ORIGINAL RESEARCH
Critical thinking as a competence for nurses' practice in the family health strategy
Joana Angélica Andrade DiasI, Helena Maria Scherlowski Leal DavidII, Sonia AcioliIII, Rosângela da Silva SantosIV, Flavia Pedro dos Anjos SantosV
I
Nurse. MS. Doctorate Student. State University of Rio de Janeiro. Brazil.
E-mail: joanauesb@gmail.com
II
Nurse. PhD. Adjunct Professor, State University of Rio de Janeiro. Brazil.
E-mail: helenalealdavid@gmail.com
III
Nurse. PhD. Adjunct Professor, State University of Rio de Janeiro. Brazil.
E-mail: soacioli@gmail.com
IV
Nurse. PhD. Adjunct Professor, State University of Rio de Janeiro. Brazil.
E-mail: rosangelaufrj@gmail.com
V
Nurse. MS. Doctorate Student. State University of Rio de Janeiro. Brazil.

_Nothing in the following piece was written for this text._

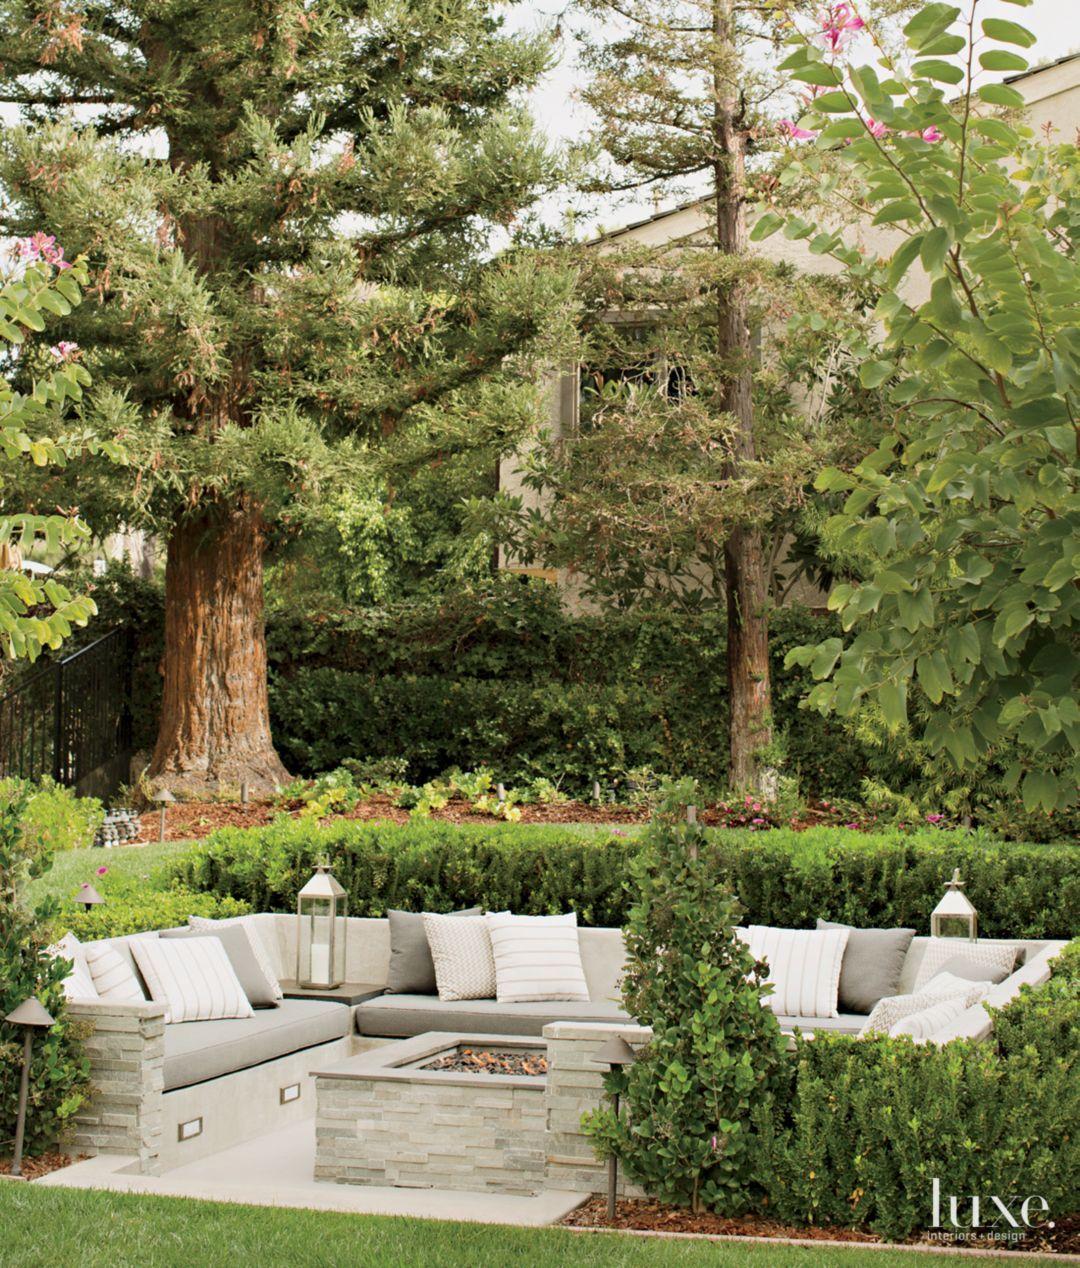 Garden Seating Ideas For Your Outdoor Living Room: Contemporary Backyard Landscape

E-mail: fpasantos@uesb.edu.br
DOI: http://dx.doi.org/10.12957/reuerj.2018.30505
ABSTRACT
Objective: to think about nursing care in the Family Health Strategy, and about critical thinking as a competence for performing it. Method: this reflective, theoretical study was built up by reading legislation and scientific articles taken from the Regional Portal of the Virtual Health Library, and was structured around two thematic axes. Content: the care practices performed by nurses in the Family Health Strategy are assistive, administrative and educational; may be individual or collective; entail technical, organizational and best practice considerations; and thus demand a critical thinking competence in order to be performed safely and responsibly. Conclusion: it is important for critical thinking to be taught to, and learned by, undergraduate nurses working in the Family Health Strategy. This calls for teaching that is critical, reflective, creative and flexible, and guided by methodologies that position students as the active subjects of their own training.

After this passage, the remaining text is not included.